[Work item]: What you return should be the lines from the one with "Tan Nubuck Leather" through the one with "Icelandic Stonewall - Poster - Living Room" in the data below, reproduced exactly with both ends, and no pictures at all.

[Exercise material]:
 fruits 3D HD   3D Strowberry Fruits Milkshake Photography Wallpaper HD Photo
---
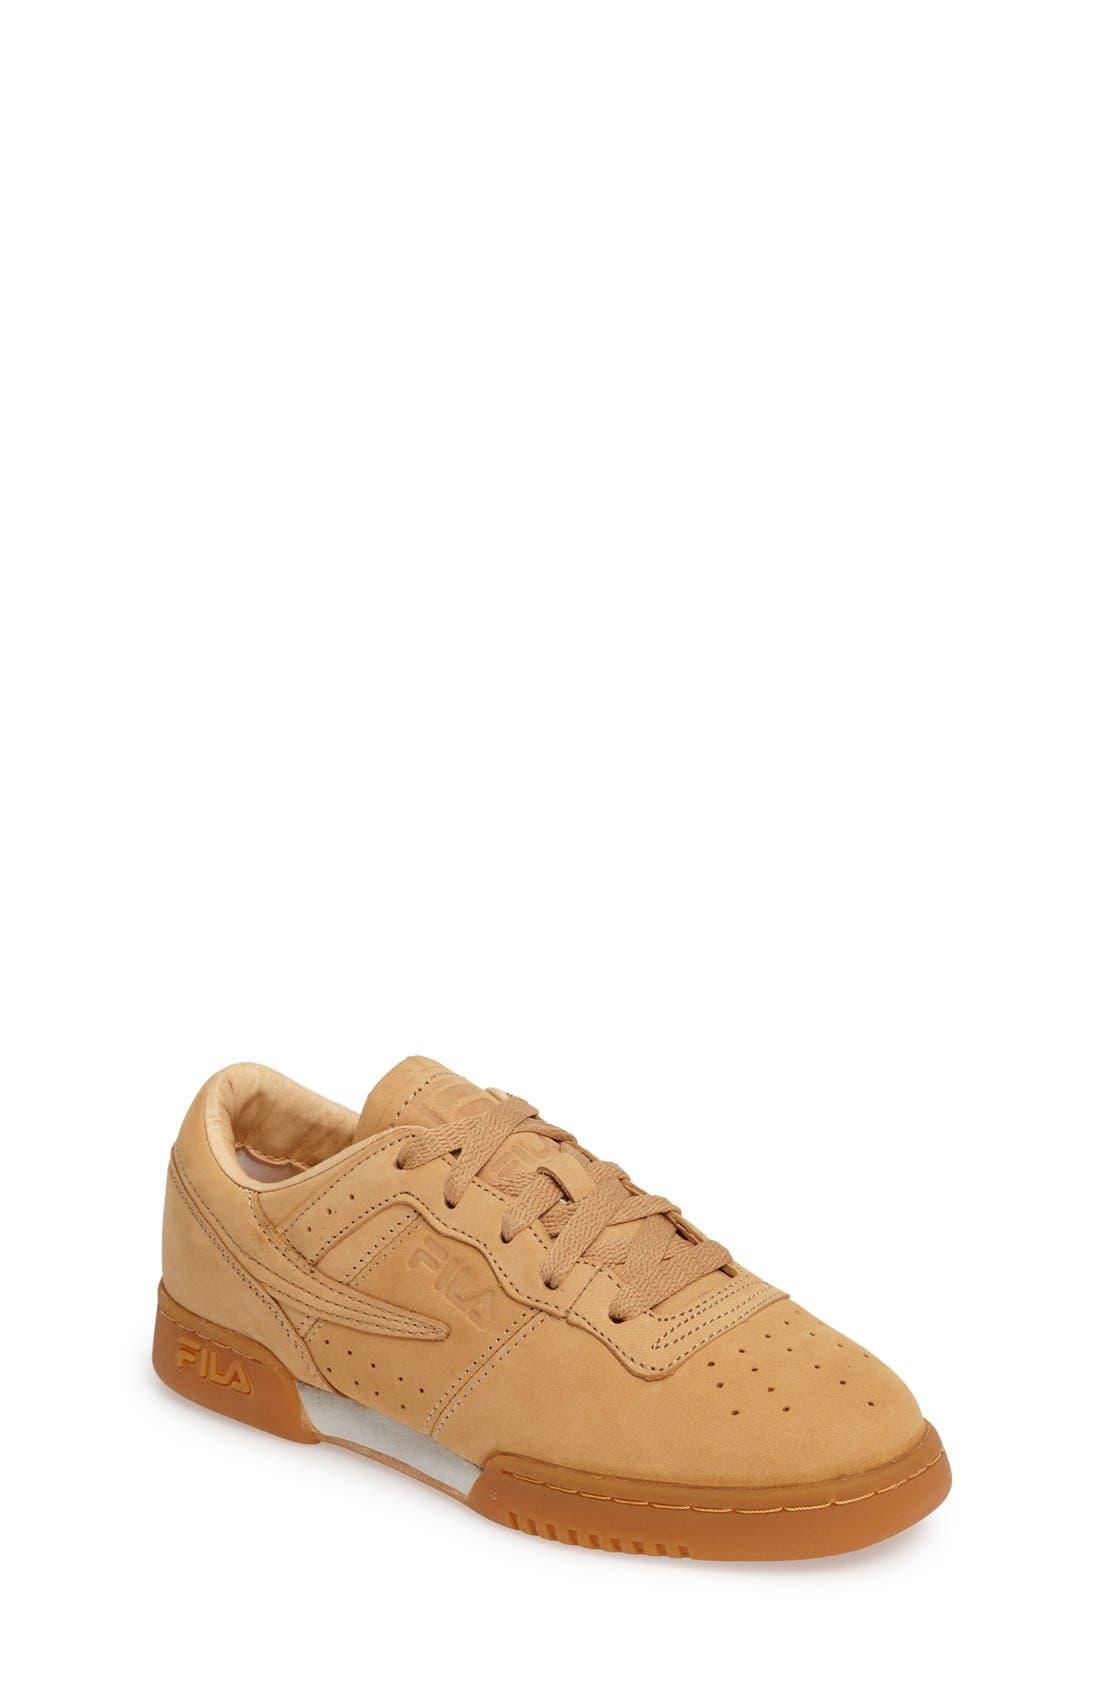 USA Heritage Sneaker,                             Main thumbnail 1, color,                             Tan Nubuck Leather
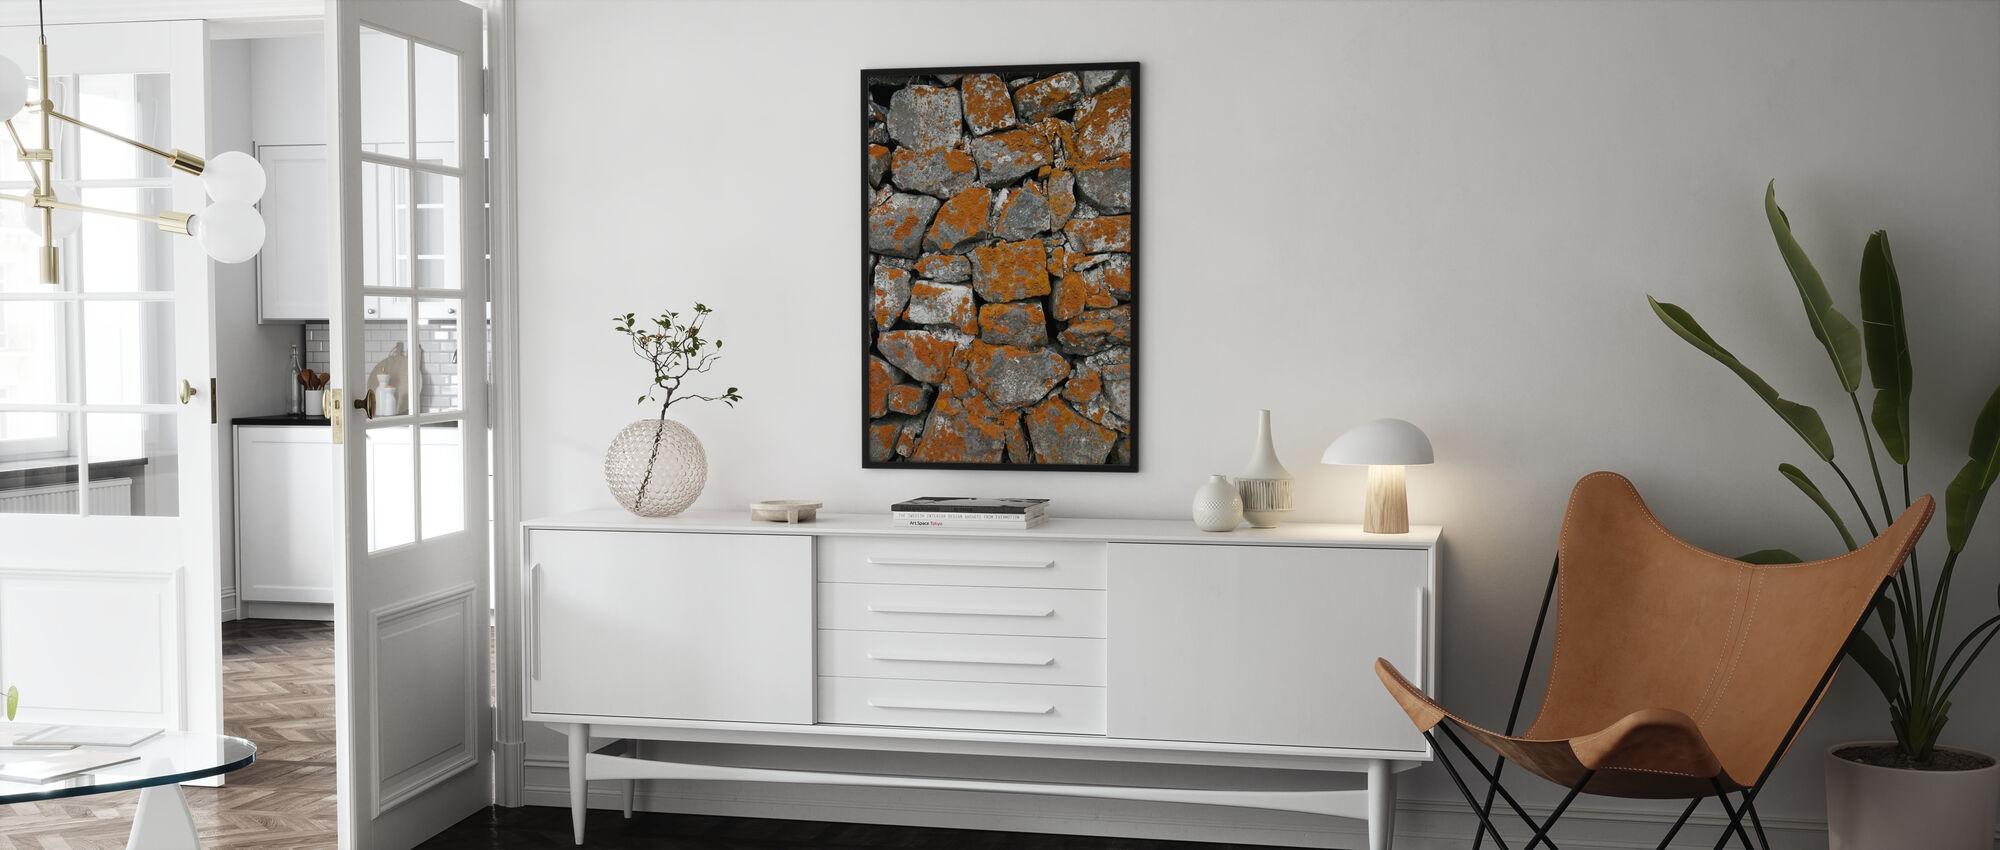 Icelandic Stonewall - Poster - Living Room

[Solution]:
 USA Heritage Sneaker,                             Main thumbnail 1, color,                             Tan Nubuck Leather
 Icelandic Stonewall - Poster - Living Room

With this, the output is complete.